Recorded data:

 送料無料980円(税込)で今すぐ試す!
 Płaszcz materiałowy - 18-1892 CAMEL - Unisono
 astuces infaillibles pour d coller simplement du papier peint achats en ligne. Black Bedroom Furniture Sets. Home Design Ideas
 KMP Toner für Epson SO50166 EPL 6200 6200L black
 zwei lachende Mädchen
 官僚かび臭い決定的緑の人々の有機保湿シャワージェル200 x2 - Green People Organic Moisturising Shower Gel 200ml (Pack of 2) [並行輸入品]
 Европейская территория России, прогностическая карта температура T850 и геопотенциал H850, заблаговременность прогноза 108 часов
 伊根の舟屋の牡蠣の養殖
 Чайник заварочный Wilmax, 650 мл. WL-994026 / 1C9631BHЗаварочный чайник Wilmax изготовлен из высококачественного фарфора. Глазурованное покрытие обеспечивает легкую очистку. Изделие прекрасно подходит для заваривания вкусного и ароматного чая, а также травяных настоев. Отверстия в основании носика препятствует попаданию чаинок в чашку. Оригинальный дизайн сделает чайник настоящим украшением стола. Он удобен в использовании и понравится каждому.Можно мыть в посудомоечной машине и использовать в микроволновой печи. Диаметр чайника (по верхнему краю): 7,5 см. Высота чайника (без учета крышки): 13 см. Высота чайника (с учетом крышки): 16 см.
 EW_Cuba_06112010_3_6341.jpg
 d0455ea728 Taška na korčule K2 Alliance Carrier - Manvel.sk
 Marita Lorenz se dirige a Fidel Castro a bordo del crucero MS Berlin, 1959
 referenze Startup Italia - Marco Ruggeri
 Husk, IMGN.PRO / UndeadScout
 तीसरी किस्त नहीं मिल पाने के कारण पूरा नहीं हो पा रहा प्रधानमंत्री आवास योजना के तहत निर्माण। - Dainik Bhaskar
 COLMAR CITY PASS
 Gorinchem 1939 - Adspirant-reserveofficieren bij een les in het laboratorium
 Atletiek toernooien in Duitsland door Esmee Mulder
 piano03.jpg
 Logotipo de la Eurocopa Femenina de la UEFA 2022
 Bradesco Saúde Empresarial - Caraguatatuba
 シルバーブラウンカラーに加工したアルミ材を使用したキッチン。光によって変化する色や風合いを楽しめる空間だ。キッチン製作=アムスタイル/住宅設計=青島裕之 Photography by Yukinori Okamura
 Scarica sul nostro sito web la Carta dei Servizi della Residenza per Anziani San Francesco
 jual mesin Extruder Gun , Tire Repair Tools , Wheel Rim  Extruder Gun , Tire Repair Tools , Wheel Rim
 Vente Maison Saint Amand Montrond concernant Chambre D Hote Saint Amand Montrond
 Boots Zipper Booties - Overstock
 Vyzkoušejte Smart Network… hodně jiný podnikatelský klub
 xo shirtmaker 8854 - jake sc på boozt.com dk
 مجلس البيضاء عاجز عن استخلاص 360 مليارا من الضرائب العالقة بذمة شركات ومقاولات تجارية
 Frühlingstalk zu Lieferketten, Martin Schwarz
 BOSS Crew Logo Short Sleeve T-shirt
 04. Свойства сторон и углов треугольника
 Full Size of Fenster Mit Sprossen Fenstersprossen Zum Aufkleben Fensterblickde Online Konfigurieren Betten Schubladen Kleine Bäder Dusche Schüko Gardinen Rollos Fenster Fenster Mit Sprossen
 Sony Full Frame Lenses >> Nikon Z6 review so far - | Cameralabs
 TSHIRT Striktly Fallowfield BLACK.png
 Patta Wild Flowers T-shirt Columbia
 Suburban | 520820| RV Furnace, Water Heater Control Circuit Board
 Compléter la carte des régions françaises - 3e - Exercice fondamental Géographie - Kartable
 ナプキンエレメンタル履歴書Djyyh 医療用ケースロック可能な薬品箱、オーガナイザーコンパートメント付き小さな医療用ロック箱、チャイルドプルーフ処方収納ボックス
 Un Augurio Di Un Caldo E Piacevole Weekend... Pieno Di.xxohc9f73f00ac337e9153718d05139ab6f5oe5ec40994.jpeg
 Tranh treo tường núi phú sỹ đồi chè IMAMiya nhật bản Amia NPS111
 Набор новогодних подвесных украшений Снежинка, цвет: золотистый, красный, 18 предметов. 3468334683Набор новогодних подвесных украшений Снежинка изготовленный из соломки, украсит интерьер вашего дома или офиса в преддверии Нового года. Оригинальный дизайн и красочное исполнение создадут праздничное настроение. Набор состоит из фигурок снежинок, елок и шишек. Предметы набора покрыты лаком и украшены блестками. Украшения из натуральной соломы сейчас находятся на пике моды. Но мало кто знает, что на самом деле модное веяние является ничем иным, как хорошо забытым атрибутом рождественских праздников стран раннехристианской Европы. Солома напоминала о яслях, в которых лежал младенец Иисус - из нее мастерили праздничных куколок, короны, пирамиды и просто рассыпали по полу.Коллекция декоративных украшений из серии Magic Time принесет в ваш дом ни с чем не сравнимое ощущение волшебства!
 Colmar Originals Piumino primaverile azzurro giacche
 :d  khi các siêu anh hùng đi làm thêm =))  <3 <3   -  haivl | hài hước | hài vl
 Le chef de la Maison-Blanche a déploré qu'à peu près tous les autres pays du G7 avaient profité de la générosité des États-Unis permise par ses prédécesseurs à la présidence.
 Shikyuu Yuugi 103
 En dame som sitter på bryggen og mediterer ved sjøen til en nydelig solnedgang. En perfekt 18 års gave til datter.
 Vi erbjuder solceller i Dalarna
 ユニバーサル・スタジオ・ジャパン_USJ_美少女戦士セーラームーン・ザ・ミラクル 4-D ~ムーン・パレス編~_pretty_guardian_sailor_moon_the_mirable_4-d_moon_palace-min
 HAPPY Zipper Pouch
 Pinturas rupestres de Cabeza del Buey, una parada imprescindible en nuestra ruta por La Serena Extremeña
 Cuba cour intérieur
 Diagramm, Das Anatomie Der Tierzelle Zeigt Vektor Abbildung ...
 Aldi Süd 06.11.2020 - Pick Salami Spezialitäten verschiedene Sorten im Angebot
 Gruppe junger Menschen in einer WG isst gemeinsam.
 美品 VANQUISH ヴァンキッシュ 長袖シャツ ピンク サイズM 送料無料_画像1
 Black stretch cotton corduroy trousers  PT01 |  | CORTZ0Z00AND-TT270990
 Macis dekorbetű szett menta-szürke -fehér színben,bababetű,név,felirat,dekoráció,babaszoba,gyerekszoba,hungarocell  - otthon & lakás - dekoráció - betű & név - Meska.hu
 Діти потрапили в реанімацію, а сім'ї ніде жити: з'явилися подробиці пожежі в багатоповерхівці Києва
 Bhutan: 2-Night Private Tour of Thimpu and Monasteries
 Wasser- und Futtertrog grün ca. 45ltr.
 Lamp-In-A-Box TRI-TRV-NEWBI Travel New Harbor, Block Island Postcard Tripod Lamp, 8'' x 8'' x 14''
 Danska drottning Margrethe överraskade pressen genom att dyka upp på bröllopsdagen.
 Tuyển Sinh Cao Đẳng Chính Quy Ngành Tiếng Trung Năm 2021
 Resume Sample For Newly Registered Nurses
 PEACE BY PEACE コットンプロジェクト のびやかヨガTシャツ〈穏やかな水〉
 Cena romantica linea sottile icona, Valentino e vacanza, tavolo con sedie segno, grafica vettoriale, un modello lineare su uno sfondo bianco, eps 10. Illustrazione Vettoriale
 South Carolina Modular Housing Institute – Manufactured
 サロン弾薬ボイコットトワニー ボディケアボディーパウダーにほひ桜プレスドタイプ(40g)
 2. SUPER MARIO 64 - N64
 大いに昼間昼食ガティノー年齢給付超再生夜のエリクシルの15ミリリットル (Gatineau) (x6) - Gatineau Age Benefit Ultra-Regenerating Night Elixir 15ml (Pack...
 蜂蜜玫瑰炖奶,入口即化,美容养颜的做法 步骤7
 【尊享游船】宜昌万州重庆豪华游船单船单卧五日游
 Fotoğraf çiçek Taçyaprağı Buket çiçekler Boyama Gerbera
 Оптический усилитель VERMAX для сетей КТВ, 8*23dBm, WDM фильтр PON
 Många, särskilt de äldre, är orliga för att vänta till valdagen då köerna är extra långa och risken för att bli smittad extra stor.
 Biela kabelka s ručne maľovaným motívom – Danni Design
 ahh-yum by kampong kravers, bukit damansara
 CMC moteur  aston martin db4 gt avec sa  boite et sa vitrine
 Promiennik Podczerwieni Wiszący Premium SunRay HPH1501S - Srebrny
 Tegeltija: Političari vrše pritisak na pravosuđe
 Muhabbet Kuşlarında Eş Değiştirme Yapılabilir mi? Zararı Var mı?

§ **ASSIGNED TASK**: Taking the entries from their first line through the line with "伊根の舟屋の牡蠣の養殖", inclusive, restate each line word for word and give nothing else.

§ **OUTPUT**:
 送料無料980円(税込)で今すぐ試す!
 Płaszcz materiałowy - 18-1892 CAMEL - Unisono
 astuces infaillibles pour d coller simplement du papier peint achats en ligne. Black Bedroom Furniture Sets. Home Design Ideas
 KMP Toner für Epson SO50166 EPL 6200 6200L black
 zwei lachende Mädchen
 官僚かび臭い決定的緑の人々の有機保湿シャワージェル200 x2 - Green People Organic Moisturising Shower Gel 200ml (Pack of 2) [並行輸入品]
 Европейская территория России, прогностическая карта температура T850 и геопотенциал H850, заблаговременность прогноза 108 часов
 伊根の舟屋の牡蠣の養殖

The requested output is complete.